Anyway, turns out he was the worst kind of asshole: he wasn't very good. In 10 cup, he hit maybe three, letting his partner do all the hard work (whilst she leaned with her elbow blatantly over the edge). So while that jackoff talked and talked and did dumb shit with his hands, my partner and I won, going undefeated, and beating a pure dick in the process. I hope he is now racked with self-doubt and cries himself to sleep.

Oh who am I kidding, he's probably wearing a hat that says "I'm #1" while he poses all alone in his bathroom with his shirt off, staring at himself in the mirror, trying his best to convince himself that his life is one worth living. Godspeed, sir.

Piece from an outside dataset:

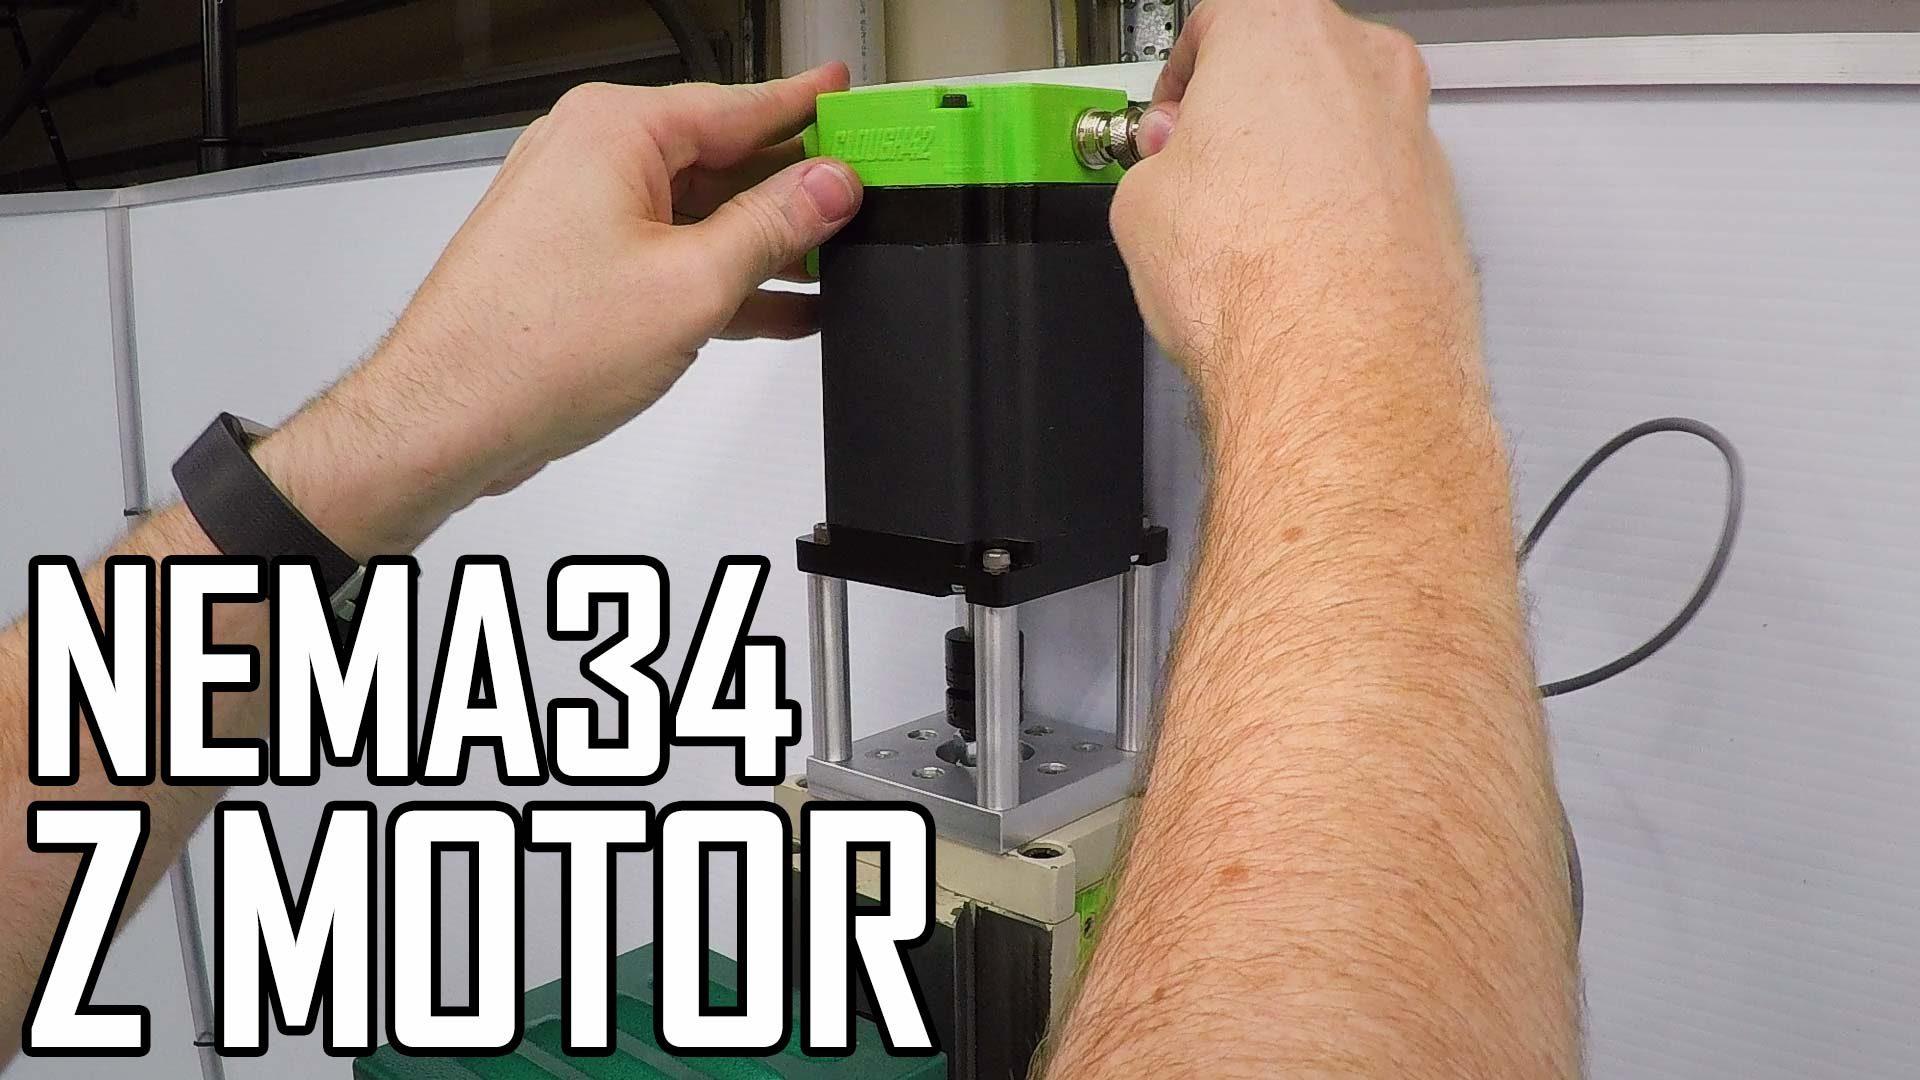 Z Motor Part 2: Installing a NEMA34 stepper motor and CNC mill tour
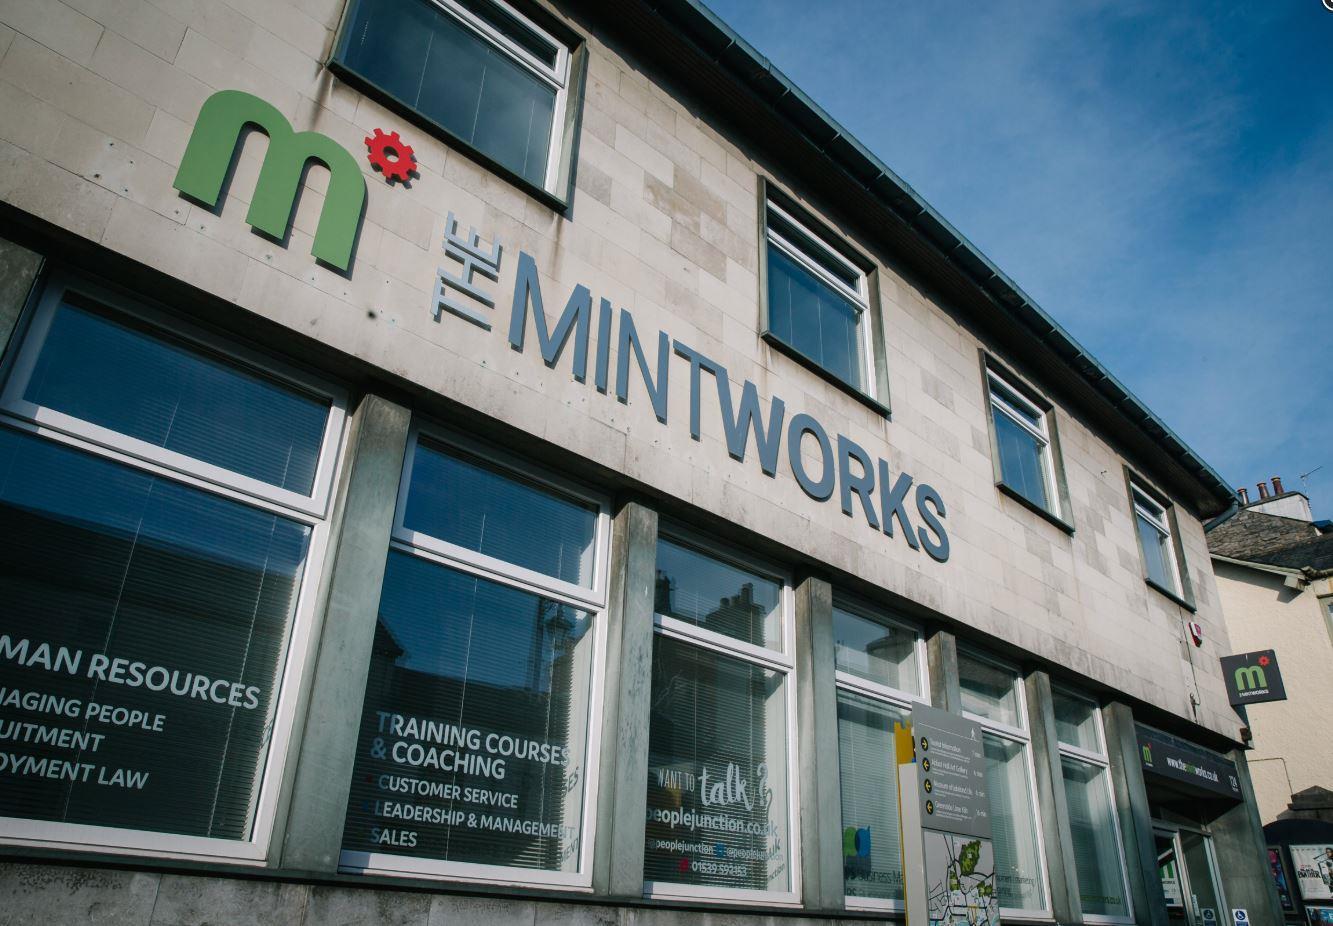 The Mint Works 124 Highgate, Kendal, North West, LA9 4HE

There are absolutely no advantages to having the toilet paper be set for an overhand setting. The preferred method--hell, the only method--in the Anton house is the underhand orientation. This is the type that has the paper coming from the back, towards the wall dispenser, and dangles nicely straight to the ground. The overhand set up has the next sheet right on top of the roll, just waiting to be wrenched away, one 4"x4" slice of papery goodness at a time.

Has anyone ever had a problem with underhand? I can't believe it's possible. It's always ready to gently roll off, and you can usually control when the sheet ends. Overhand is a grab bag of lengths which could lead to the dreaded "one at a time" problem one experiences mostly at restaurants or places where you already don't feel comfortable going to the bathroom in.

This bothers me nearly as much as orange juice with pulp. This has baffled me since I was three. I was at my grandma's shore house, and my mom pours me a glass of what she swears is orange juice. "Incorrect," I counter, "this has stuff in it. Juice doesn't have stuff in it." She tries to placate me saying that it's just pieces of orange, and it comes with the sweet nectar of Tropicana oranges. I will hear nothing of the sort.

If this sort of willy-nilly processing happened with any other food, there would be hell to pay. Would you accept pieces of grape in your wine? How about apple bits in your apple juice? At least one foreign embassy would burn in effigy for the lax processing involved in creating that liquid product.

That is the most crucial part, really. It's a liquid and therefore shouldn't contain any solids. If I'm thirsty and suck down a glass of liquid, I don't want to deal with shit sticking to my teeth that I eventually have to sort of chew and then swallow. This is a mixture of mediums that simply should not be. Pulp should be barred from every household in America. We have the internet, a Polio vaccine, the Nintendo 64, but somehow we have pieces of fucking oranges in our orange juice. What's the point of modernity when shit like this continues to occur? I write on my 2004 laptop and drink oj from the dark ages. Fucking ridiculous.

Culling it all together: I'm not Jewish, I hate people who talk and have no game in beer pong, ineffectual toilet paper configurations, and orange juice that was drank when leparcy was still an issue. Yup. All in a night's work.


Anonymous said...

holy shit ur not jewish
wow my life is so changed forever
indeed i dont know what i will do with myself

Pam said...

I can't believe you went on a rant about toilet paper. Oh, Michael...

Anonymous said...

well pam if anyone would rant about toilet paper who better than mister michael p anton

Cara said...

Yaaay another no-pulp fan. It kinda makes me nauseous to have that nonsense in my mouth.